Wednesday, February 2
Wed, Feb 2, 1:30 PM - 3:00 PM
Virtual
Study Design with External Information

Development of a Data Management Methodology for a Commercial-Off-The-Shelf (COTS) Part-Testing Program to Meet the Needs of a Broad Range of Users (304239)

Lee A Crowder, Sandia National Laboratories 
Stephen C Hwang, Sandia National Laboratories 
*Christopher L Stork, Sandia National Laboratories 

Keywords: Data management, data engineering, commercial-off-the-shelf (COTS) parts, metadata, surveillance, qualification

In support of an electronic commercial-off-the-shelf (COTS) part testing, surveillance, and qualification program, Sandia National Labs collects large volumes of information, including manufacturing data, metadata specifying part environmental exposure and test conditions, and electrical test data.
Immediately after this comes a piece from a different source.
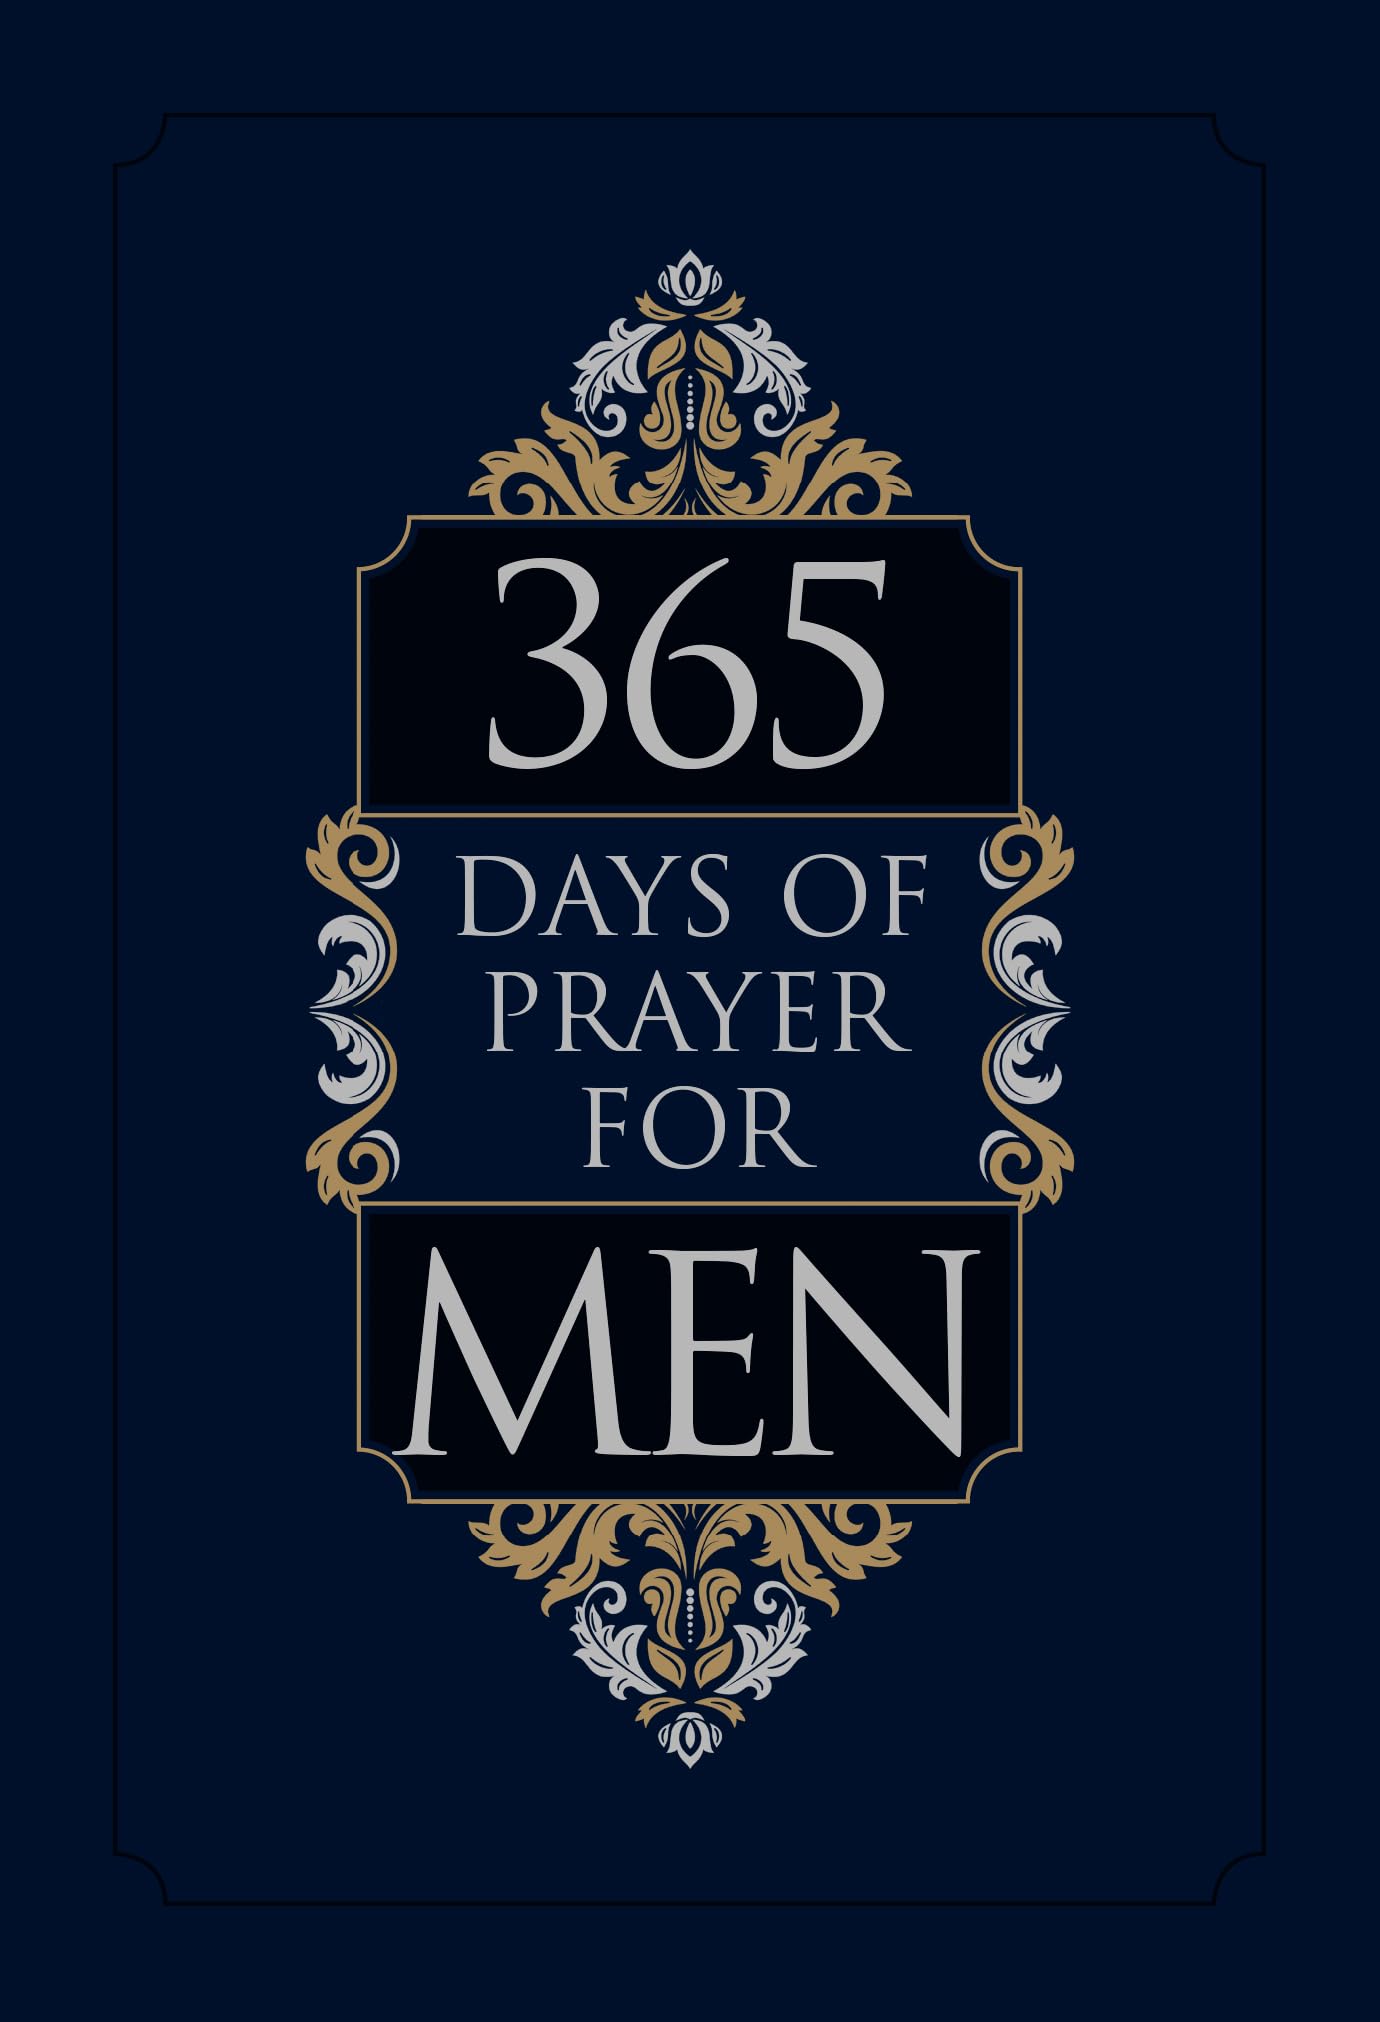 365 Days of Prayer for Men by Broadstreet Publishing Group LLC

Multiple user groups, namely engineers designing testing protocols and qualifying parts, technologists performing testing, statistical analysts tasked with extracting relevant trends, and management/customers requiring high-level metrics, must leverage COTS data to make timely technical and business decisions. COTS part testing data have been stored in disparate locations in an unorganized format, making it difficult to use these data to answer questions from a broad range of users. In this introductory-level presentation, we highlight a data management approach, specifically the organization of the COTS program data into distinct, linkable data tables (part manufacturing information, part tracking information, part processing information, electrical test data, test information), designed to provide improved analytics and streamline the process by which user questions can be answered.